After a review of the record, we find sufficient evidence in which the trial court could have found the essential elements of the crimes charged beyond a reasonable doubt.

On May 4, 1988, five days before trial, the State filed an application seeking the trial court’s permission to endorse and add the name of Glen P. Vance as a witness. The application was granted. A *286hearing concerning the matter was held on May 5, 1988, wherein appellant presented an oral motion to strike the endorsement of Mr. Vance on the basis of unfair surprise and prejudice. At the hearing, the State averred that they first learned the whereabouts of Mr. Vance at 7:00 a.m. on May 3, 1988, and notified defense counsel by telephone as soon as the application had been signed by the court. Appellant claimed that the State was sandbagging the witness because they should have known how to locate a federal parolee sooner than five days prior to trial.
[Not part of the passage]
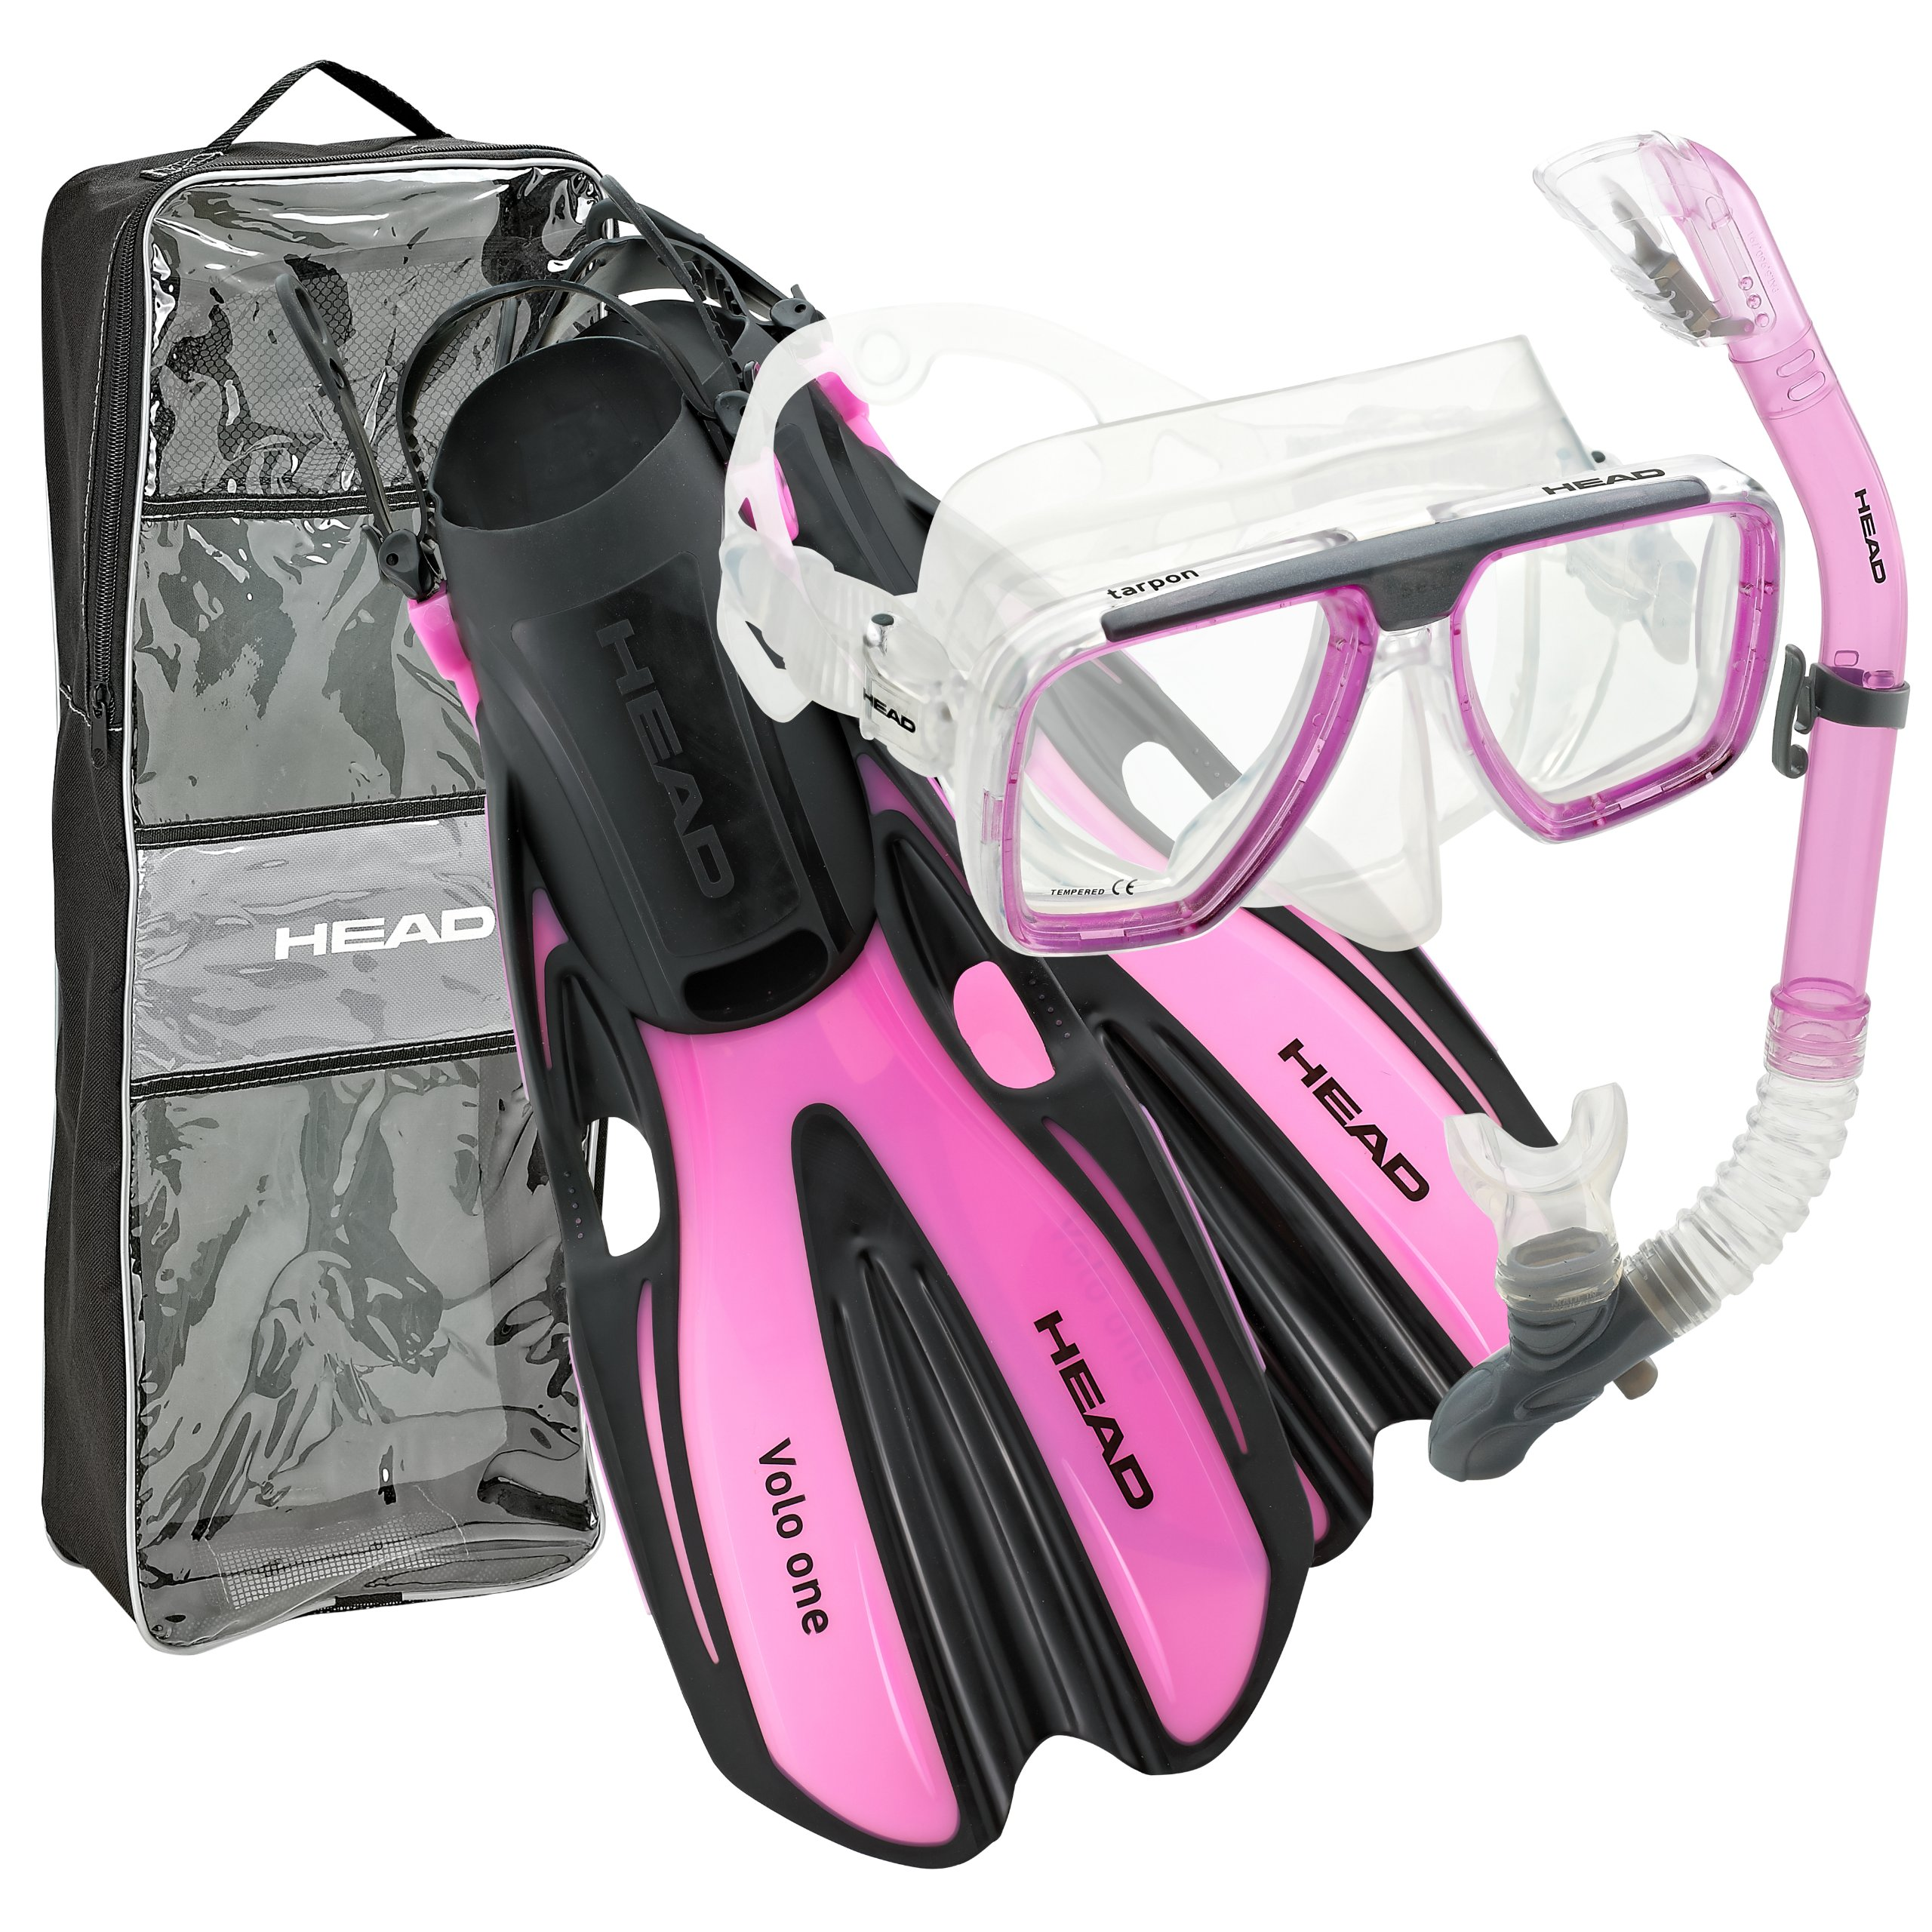 HEAD by Mares Tarpon Travel Friendly Premium Mask Fin Snorkel Set, Pink, Small, (4-6)

The endorsement of a witness on an Information may be permitted at any time in the trial court's discretion. Rhodes v. State, 695 P.2d 861, 863 (Okl.Cr.1985). Absent a showing of surprise or prejudice, no abuse of discretion will be found. Id. The gravamen of appellant’s complaint concerned the State’s failure to endorse Mr. Vance prior to the time that they did. However, at the hearing, counsel for defense specifically stated that he was not asking for a continuance. Moreover, the trial court recessed the trial on May 11, 1988, granting counsel for defense the better part of that day to visit with Mr. Vance. When the trial resumed the next morning, defense counsel stated, “[w]e had sufficient time to visit with the witness and the defendant is ready this morning for all purposes.” We find no error. See Fabian v. State, 720 P.2d 1276, 1278 (Okl.Cr.1986). Counsel’s recourse was to ask for a continuance; this he did not do, a complaint now is just too late.

In the same argument, appellant claims that with regard to Mr. Vance, the State failed to provide any exculpatory impeachment evidence concerning appellant. The issue of the State’s obligation to provide exculpatory evidence was discussed thoroughly prior to Mr. Vance’s testimony. When defense counsel requested three specific documents, the State provided a blank form copy of one and denied any knowledge or possession of the other two. In fact, a deputy administrator from the Securities Commission called the court and confirmed the fact that the documents were not in the State’s possession. The record does not indicate, nor has appellant demonstrated, that the State failed to comply in any manner with the trial court’s discovery order. We find no error.

In his final assignment of error, appellant contends that his sentences are excessive. However, the sentences imposed are within statutory limits, and we cannot say that the sentences shock our conscience. Gaines v. State, 724 P.2d 260, 262 (Okl.Cr.1986). We find no error.

The Judgments and Sentences are AFFIRMED.